## What the exercise asks
Every line from the one with "Architect Majed El-hakeem" to the end of the listing below must be printed exactly, with no other text and no pictures.

## Recorded information
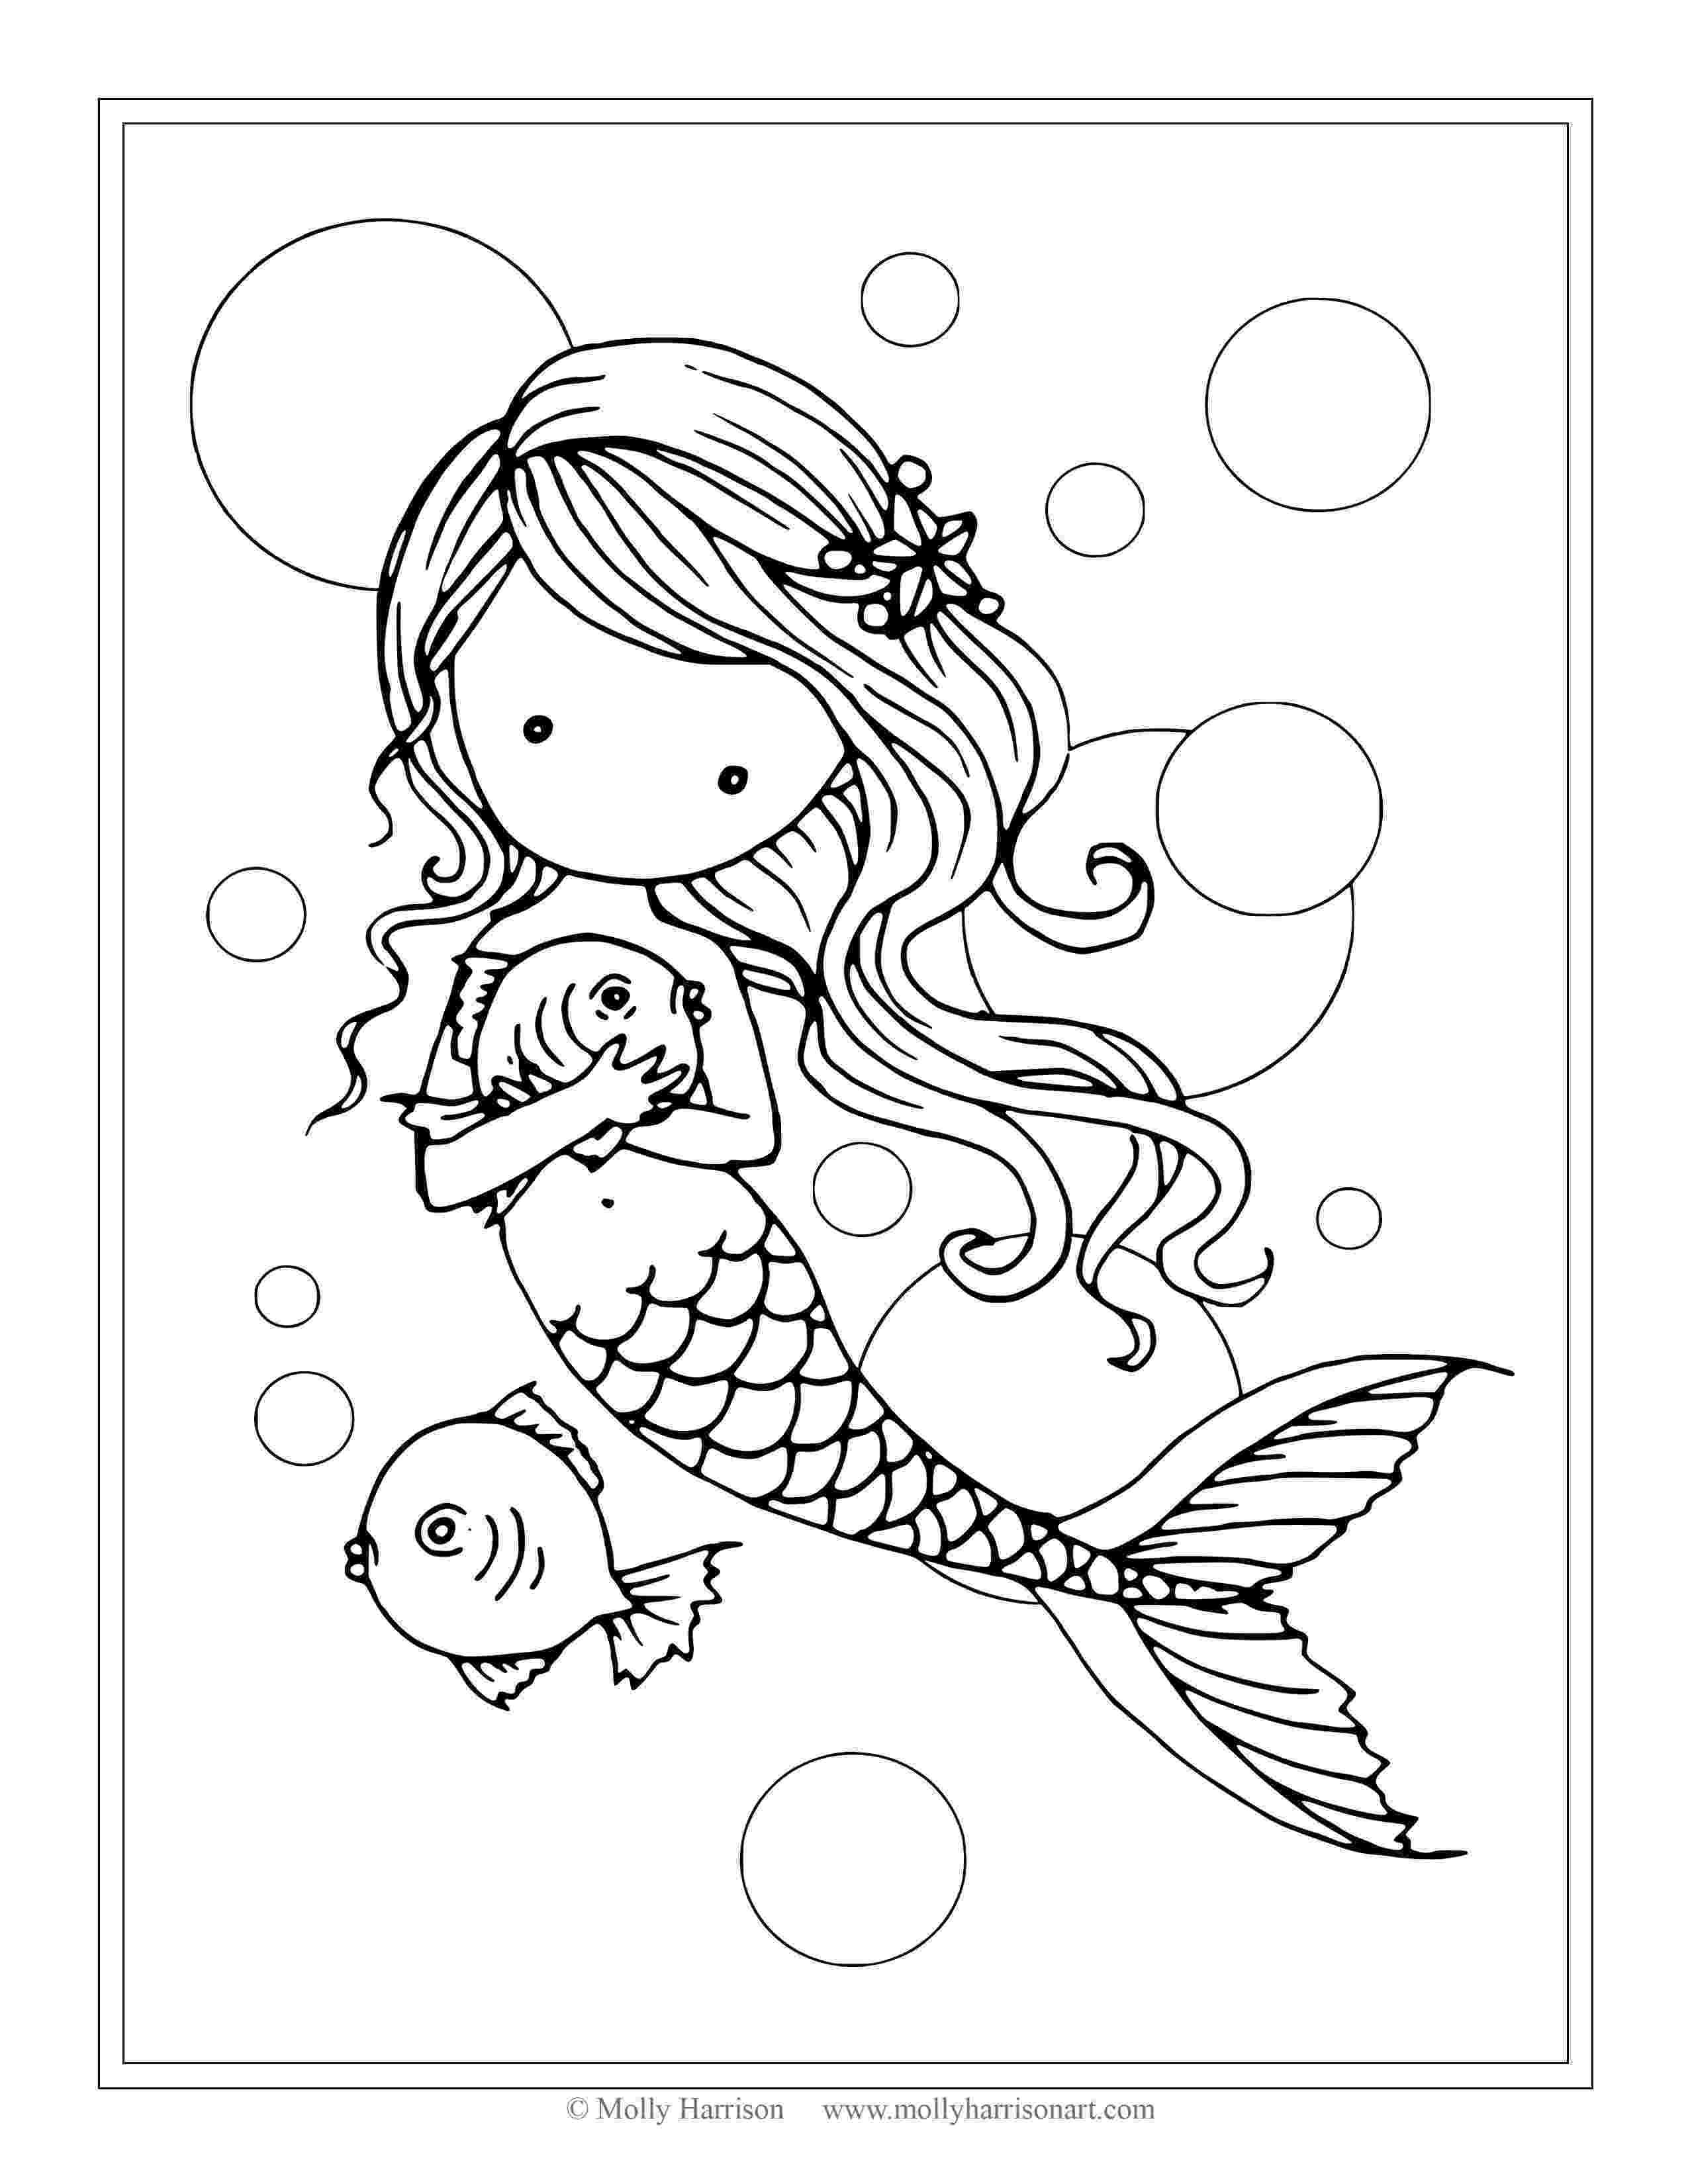 free mermaid coloring pages mermaid barbie colouring pages mermaid coloring mermaid mermaid free pages coloring
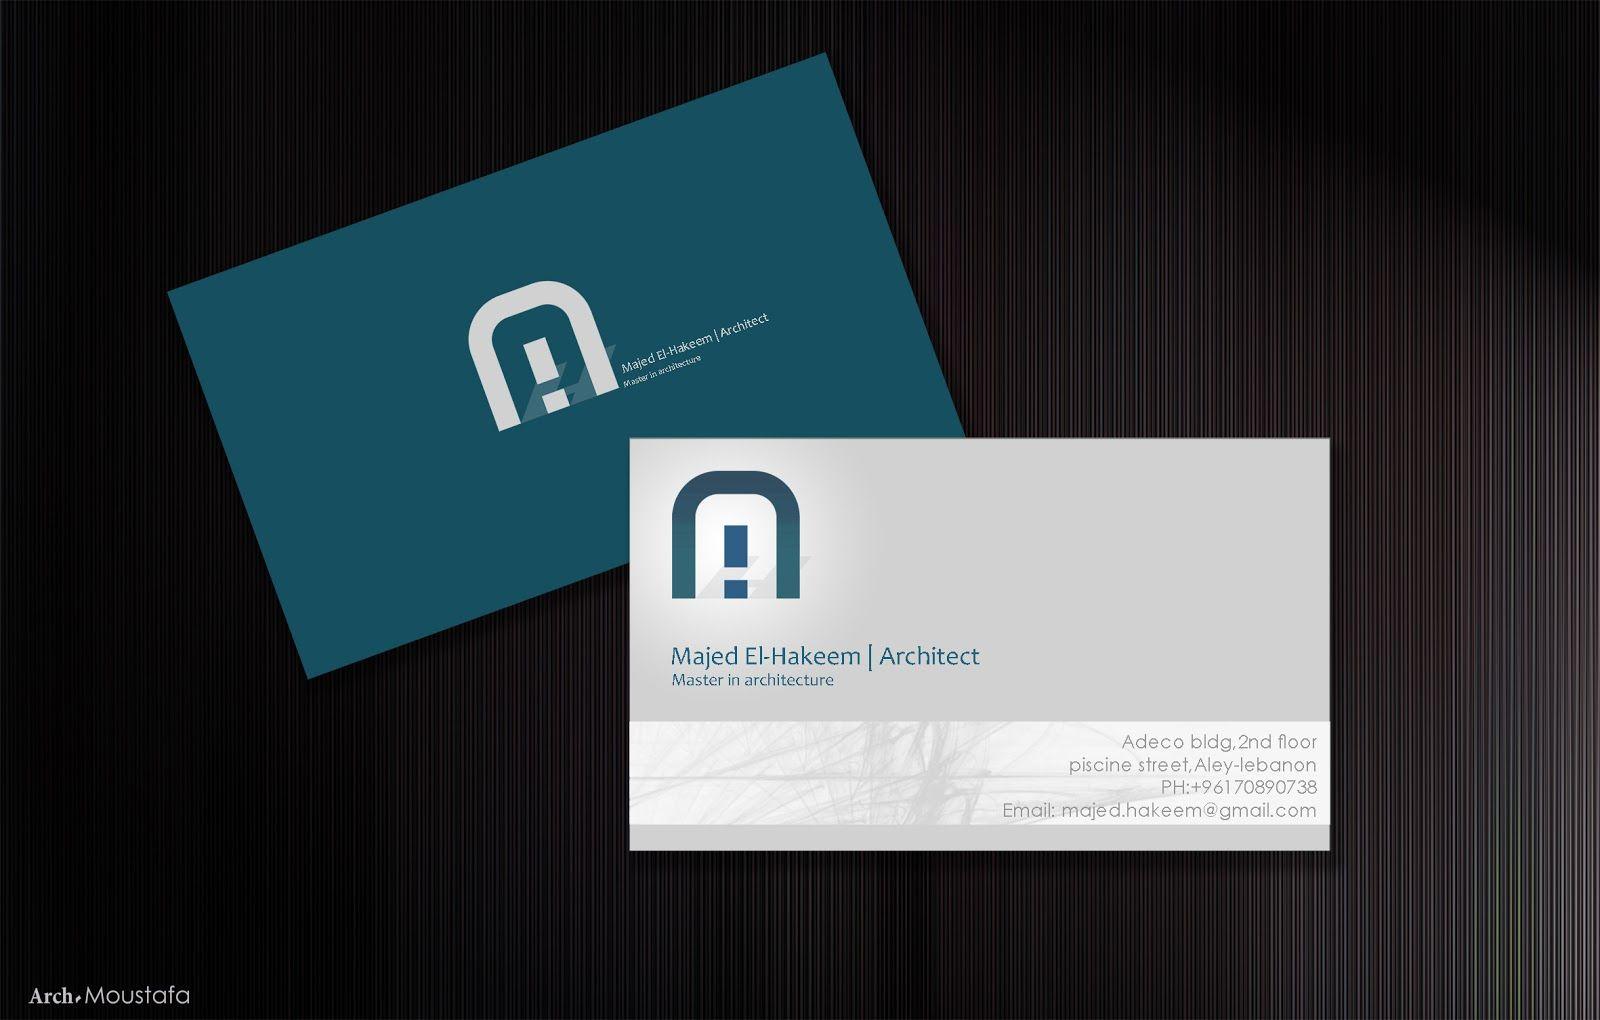 Architect Majed El-hakeem business card & logo |by Blu phi graphics ~ Blu Phi Architects
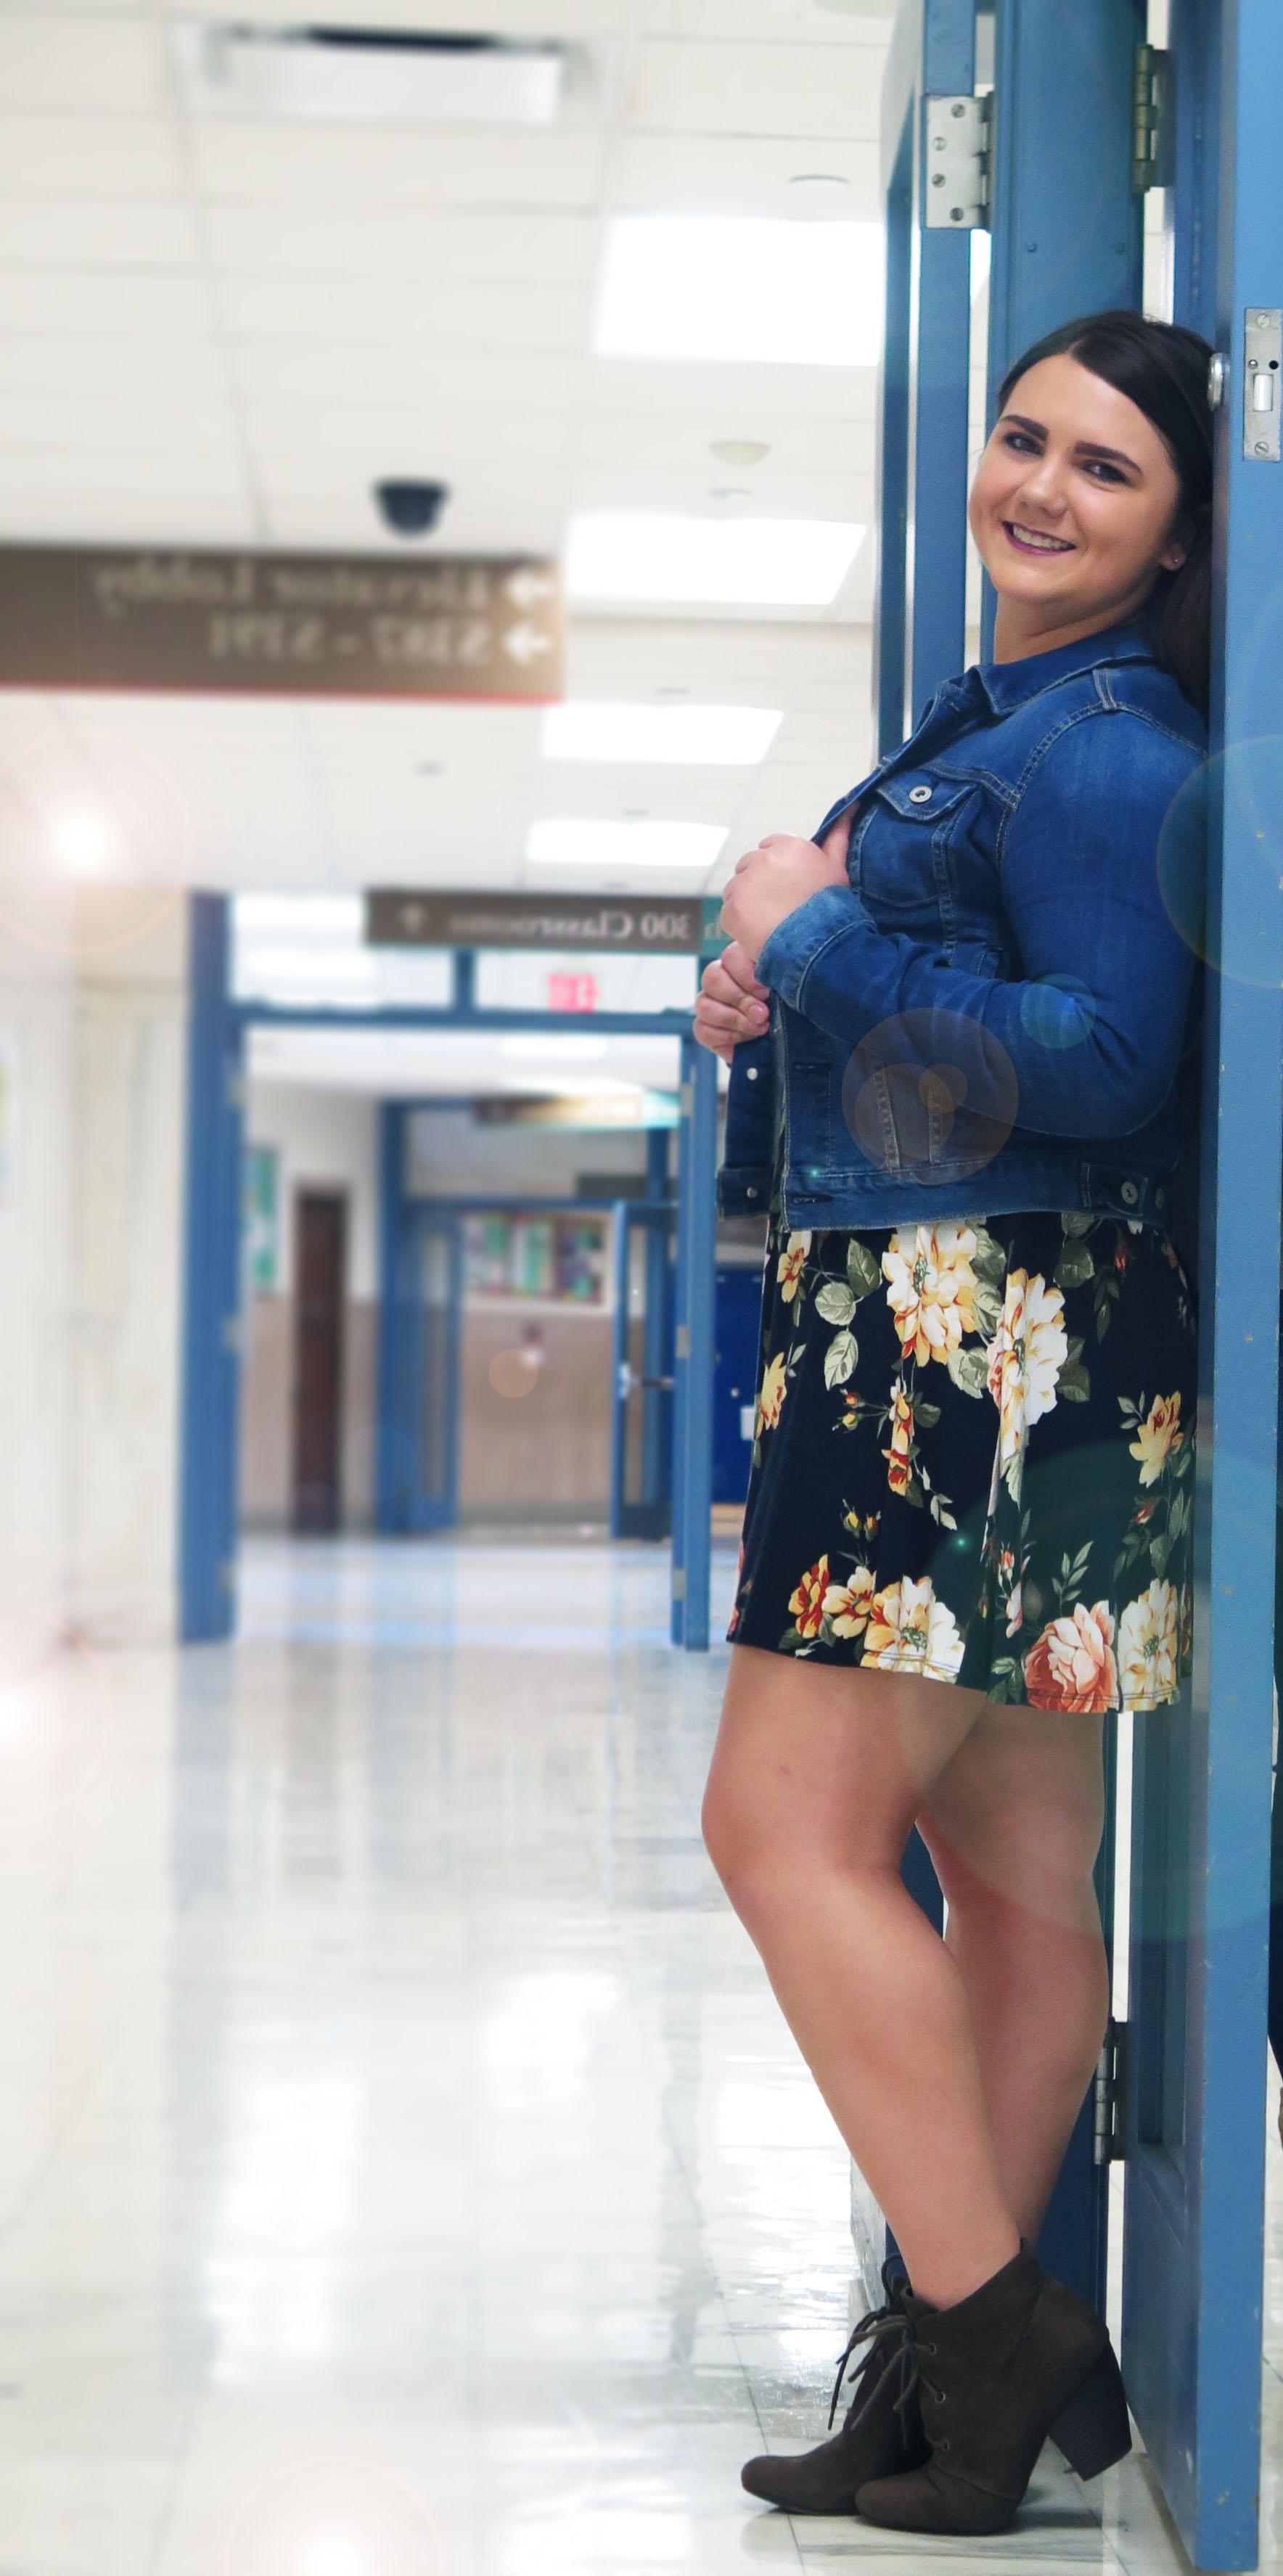 ramos_joselin fashion photography  (1).jpg

## Expected output
 Architect Majed El-hakeem business card & logo |by Blu phi graphics ~ Blu Phi Architects
 ramos_joselin fashion photography  (1).jpg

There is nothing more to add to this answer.